» **Supplied data**
=== Begin Enclosure ===

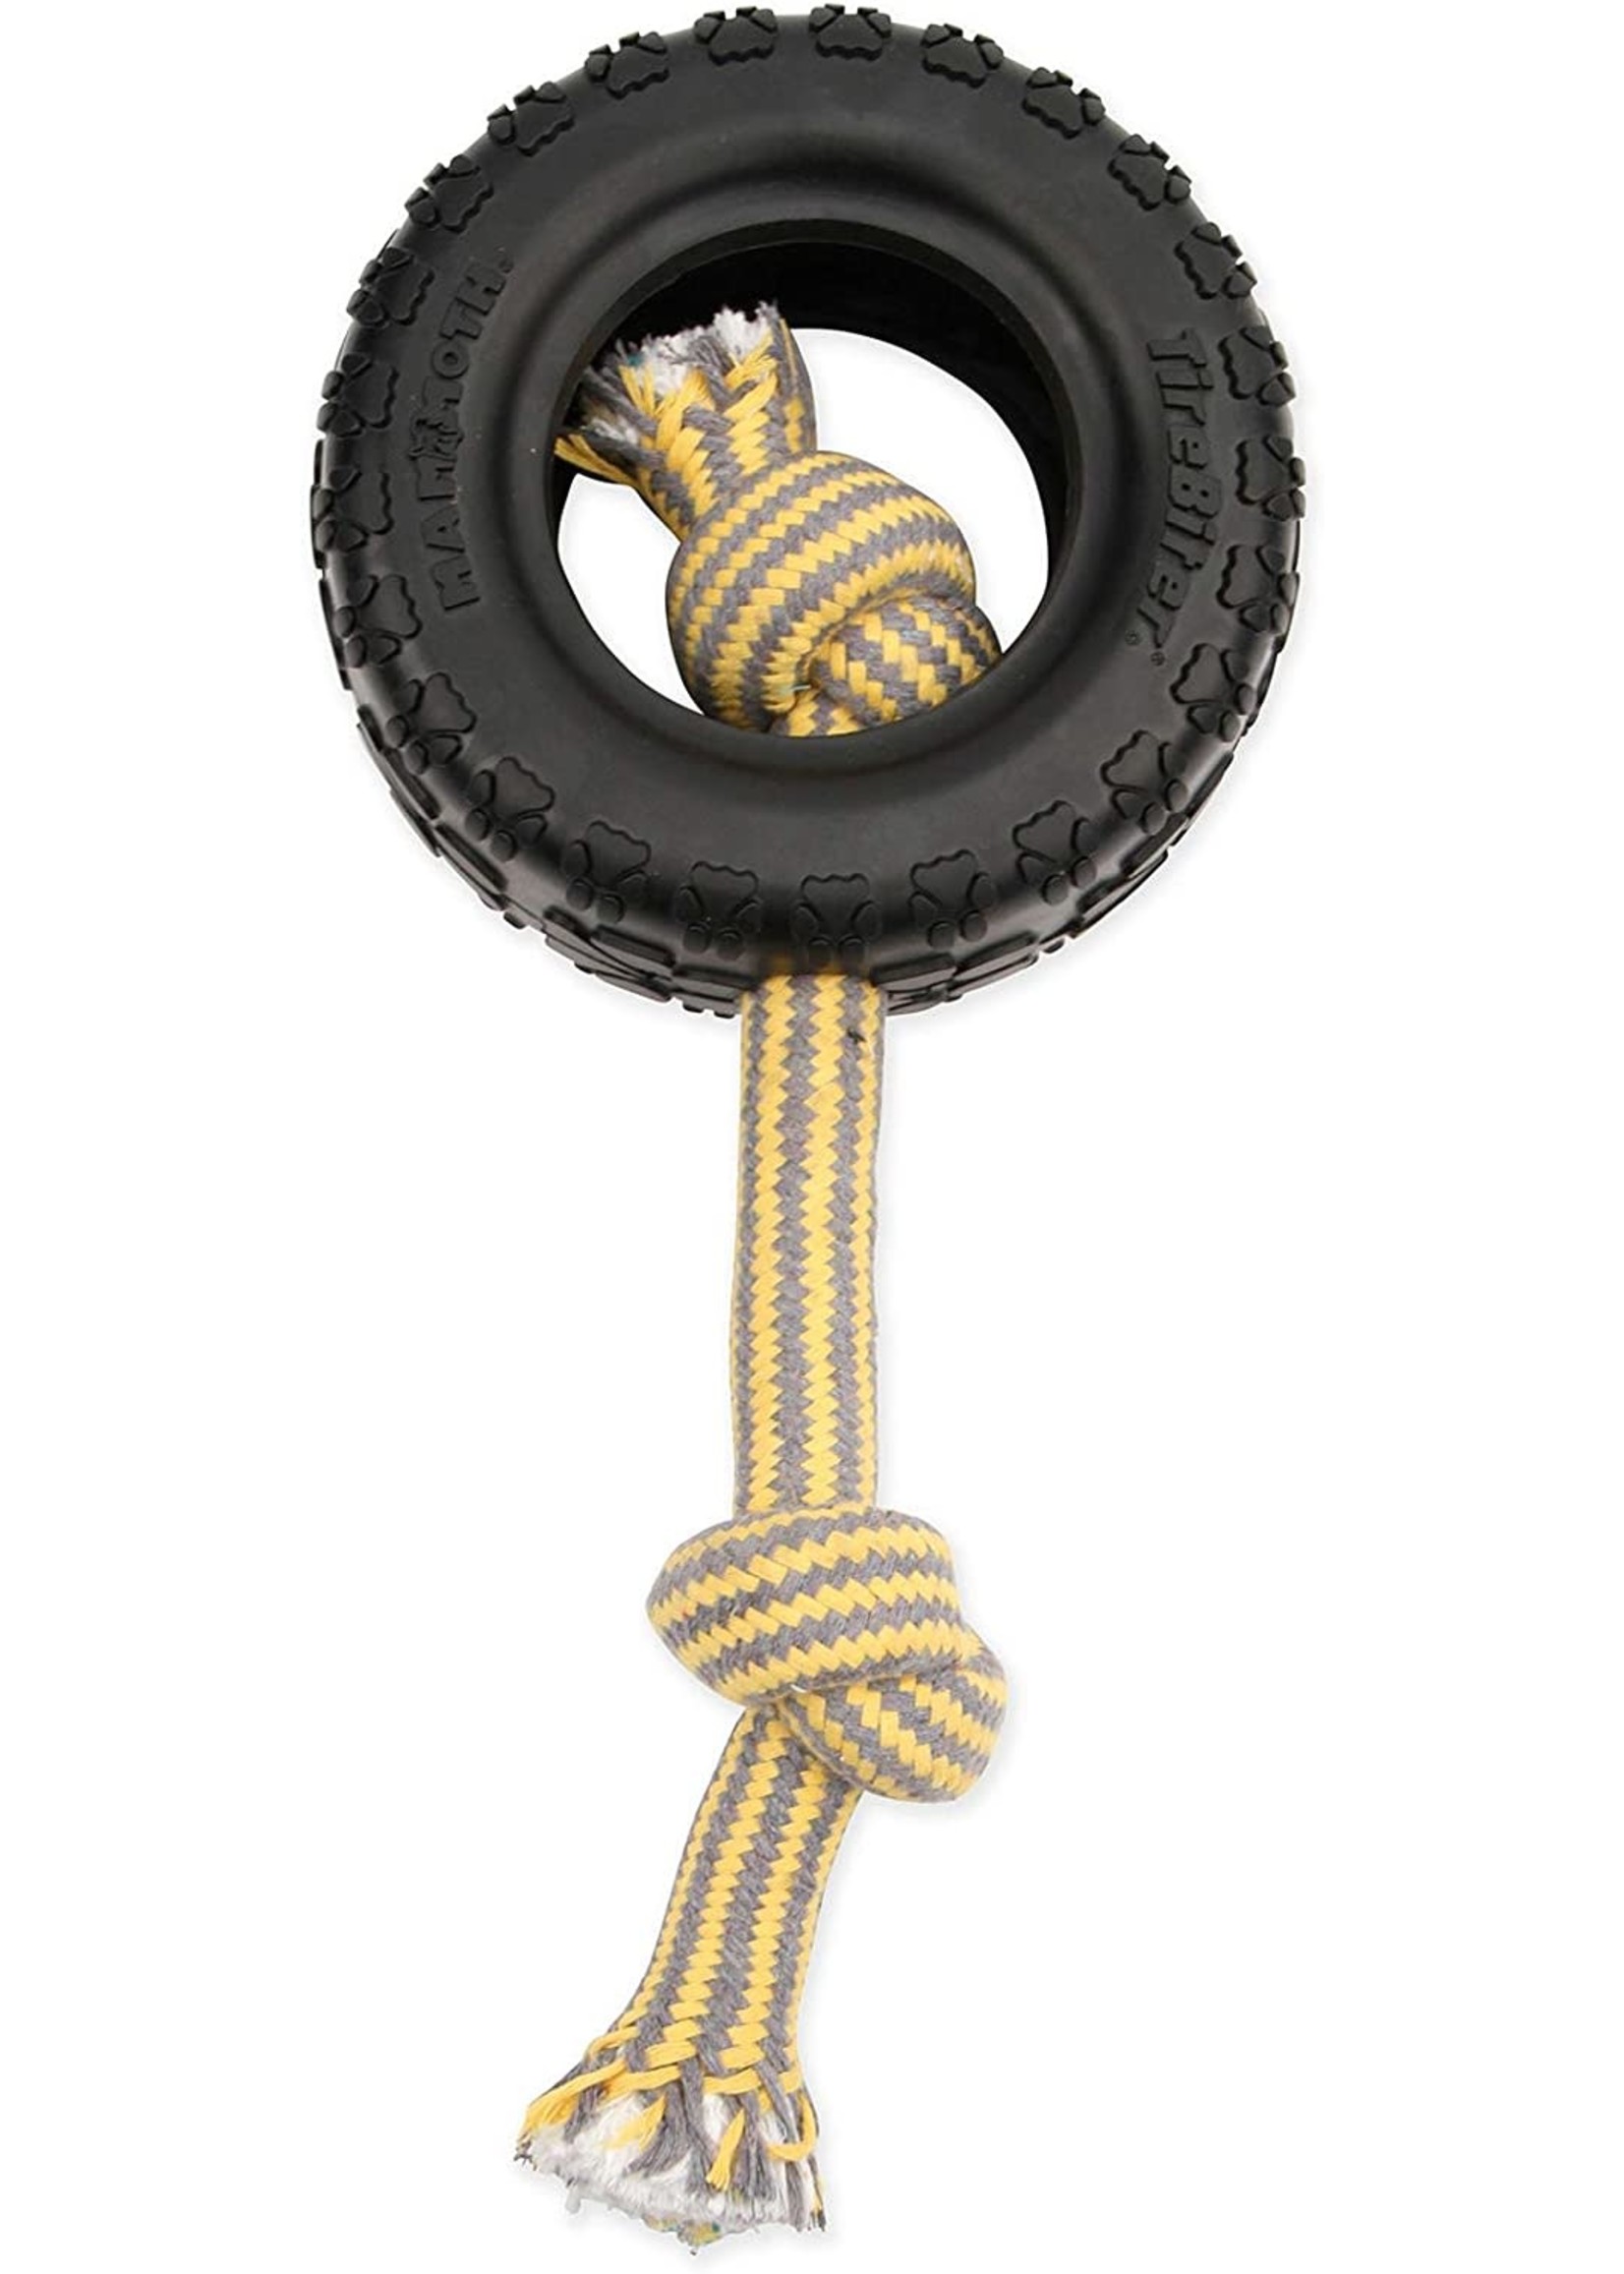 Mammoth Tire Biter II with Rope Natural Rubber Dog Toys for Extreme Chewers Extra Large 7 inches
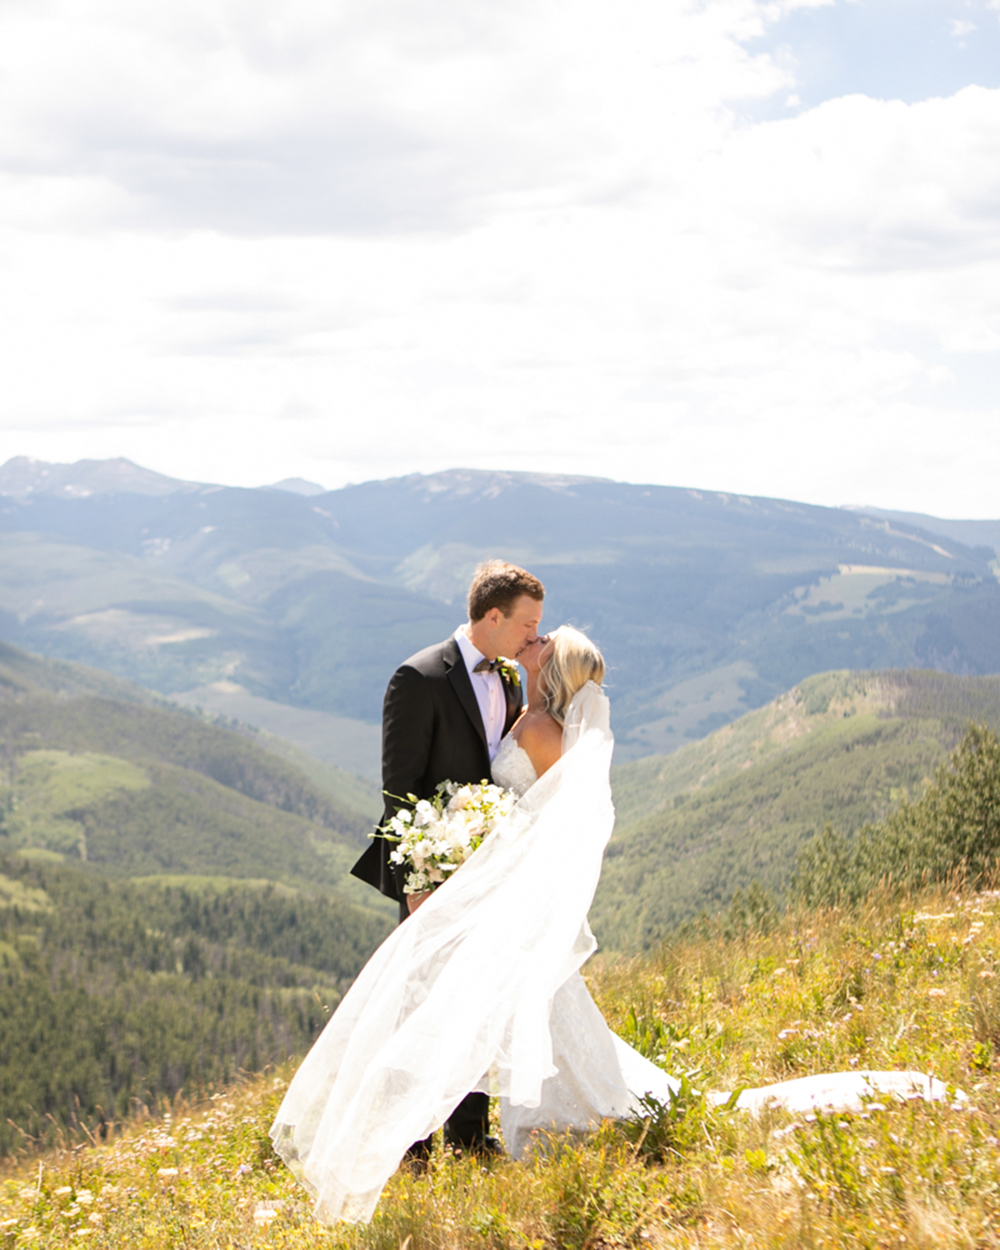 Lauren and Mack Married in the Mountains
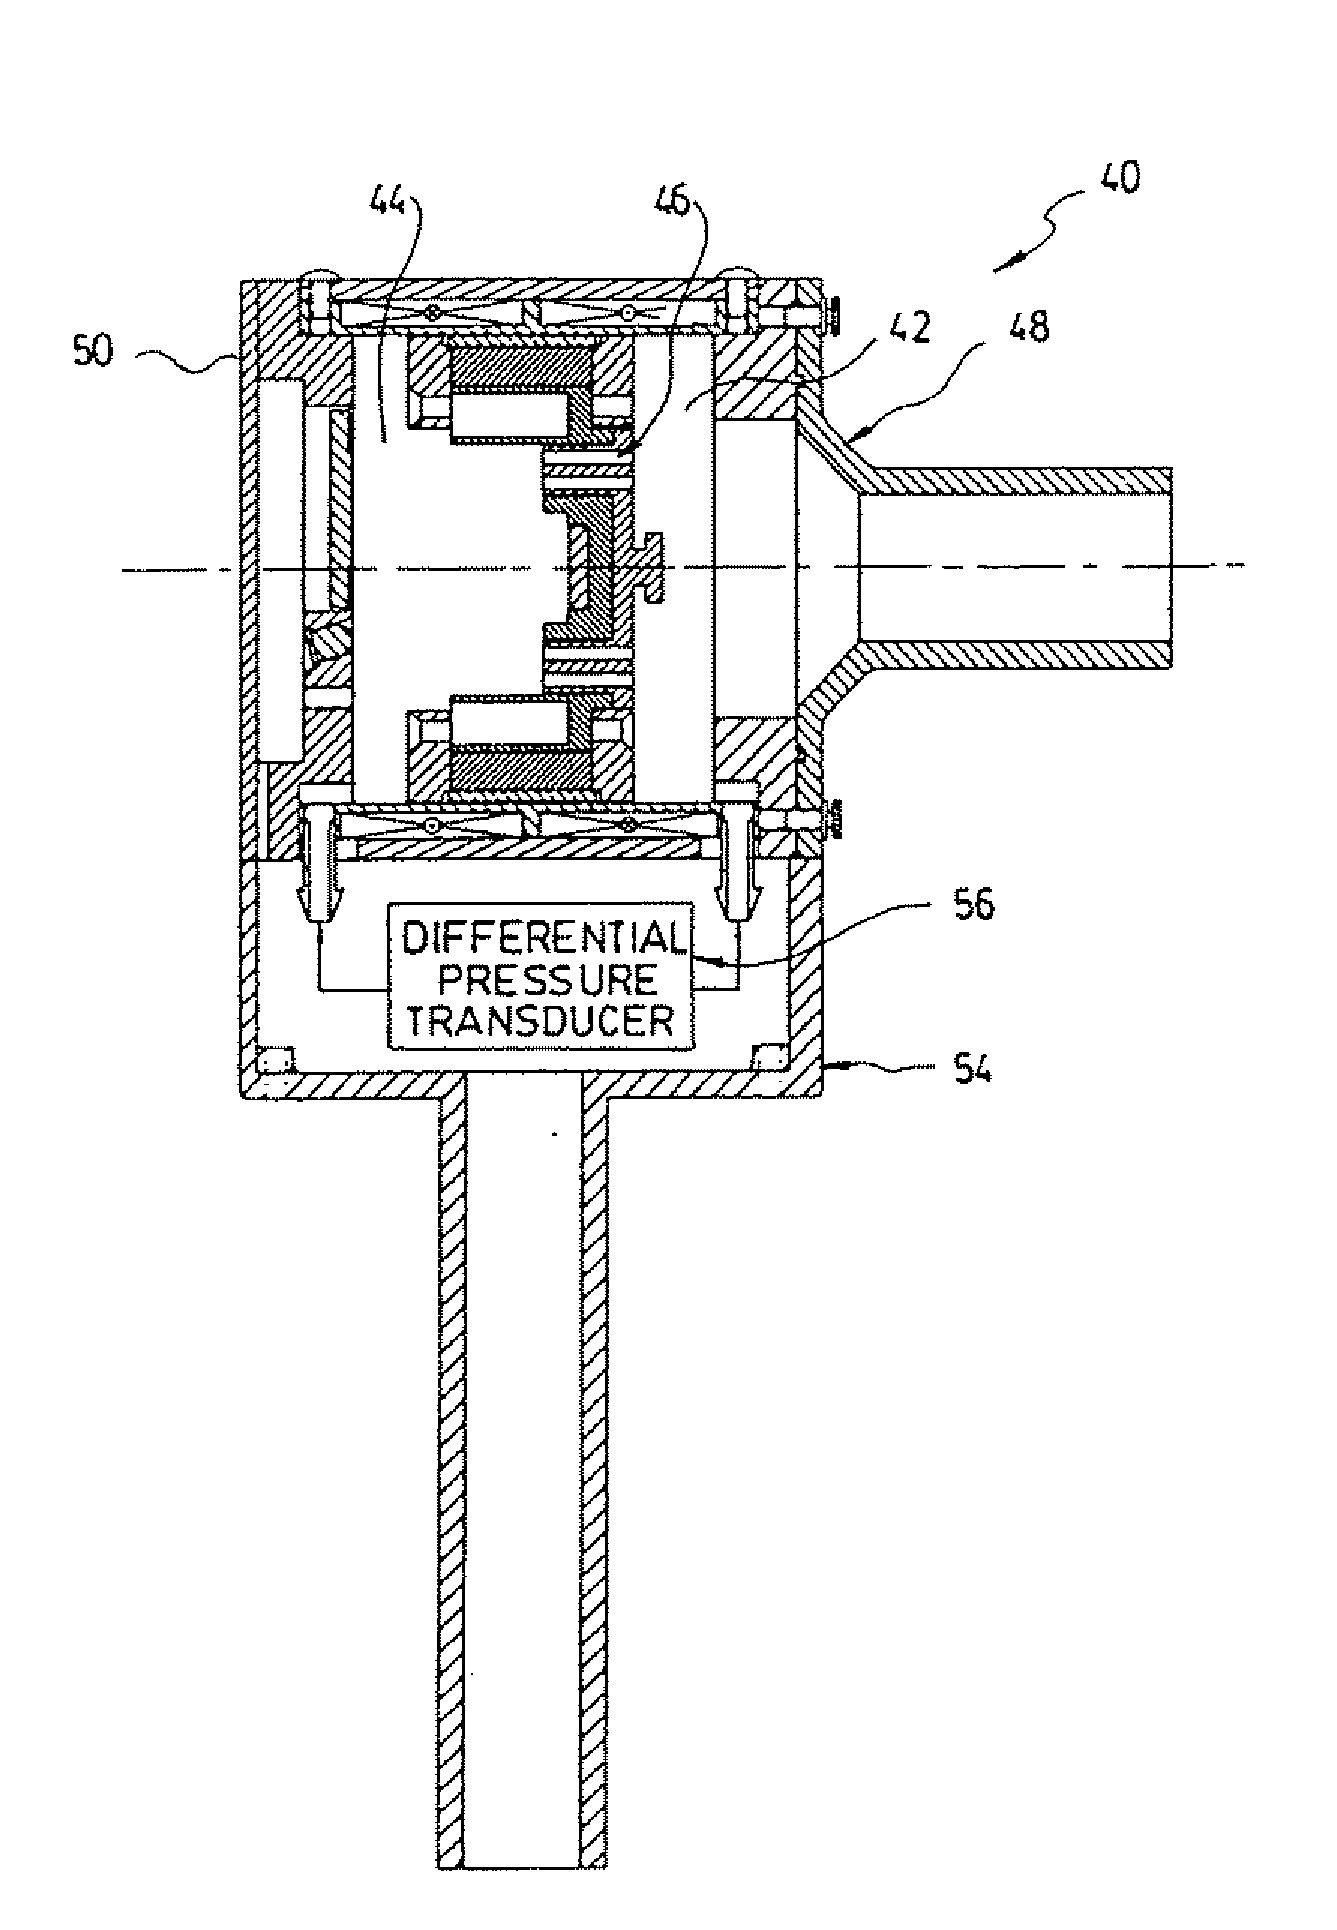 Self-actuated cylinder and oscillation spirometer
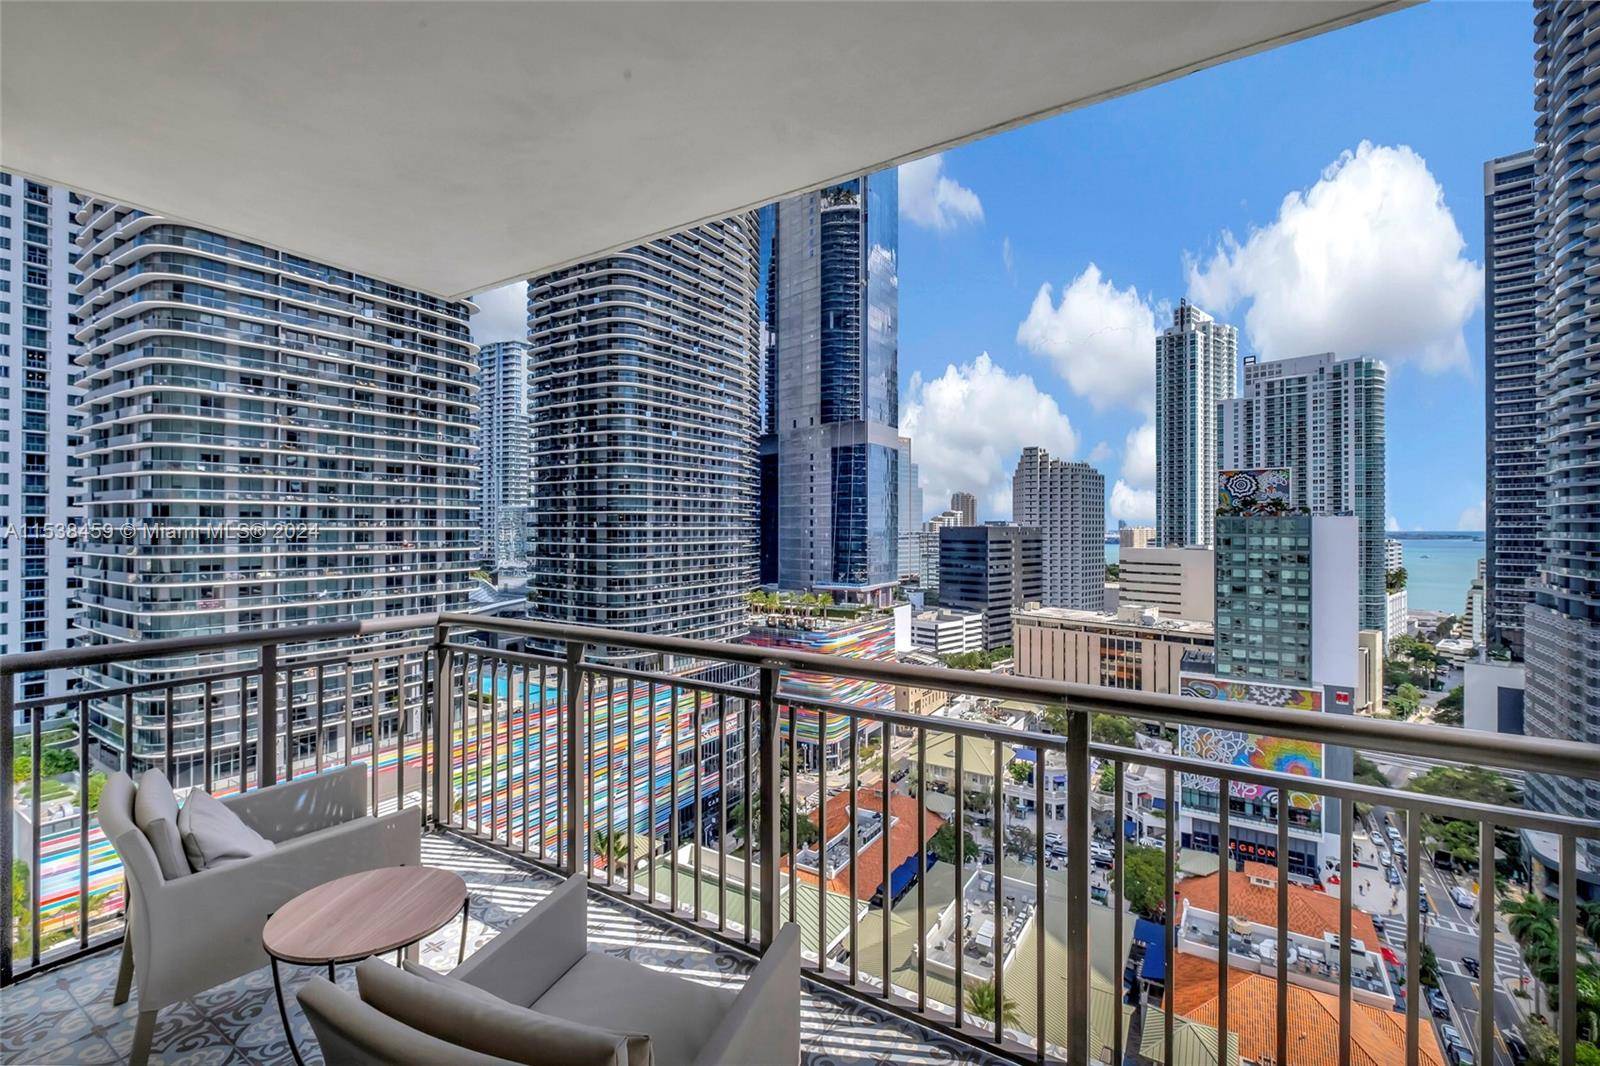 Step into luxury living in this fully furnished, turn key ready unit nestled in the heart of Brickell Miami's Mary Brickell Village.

=== End Enclosure ===

» **Work item**
Exactly the lines from the one containing "Self-actuated cylinder and" through the last line of the material above, both included and free of pictures, should make up your answer, please.

» **Response area**
 Self-actuated cylinder and oscillation spirometer
 Step into luxury living in this fully furnished, turn key ready unit nestled in the heart of Brickell Miami's Mary Brickell Village.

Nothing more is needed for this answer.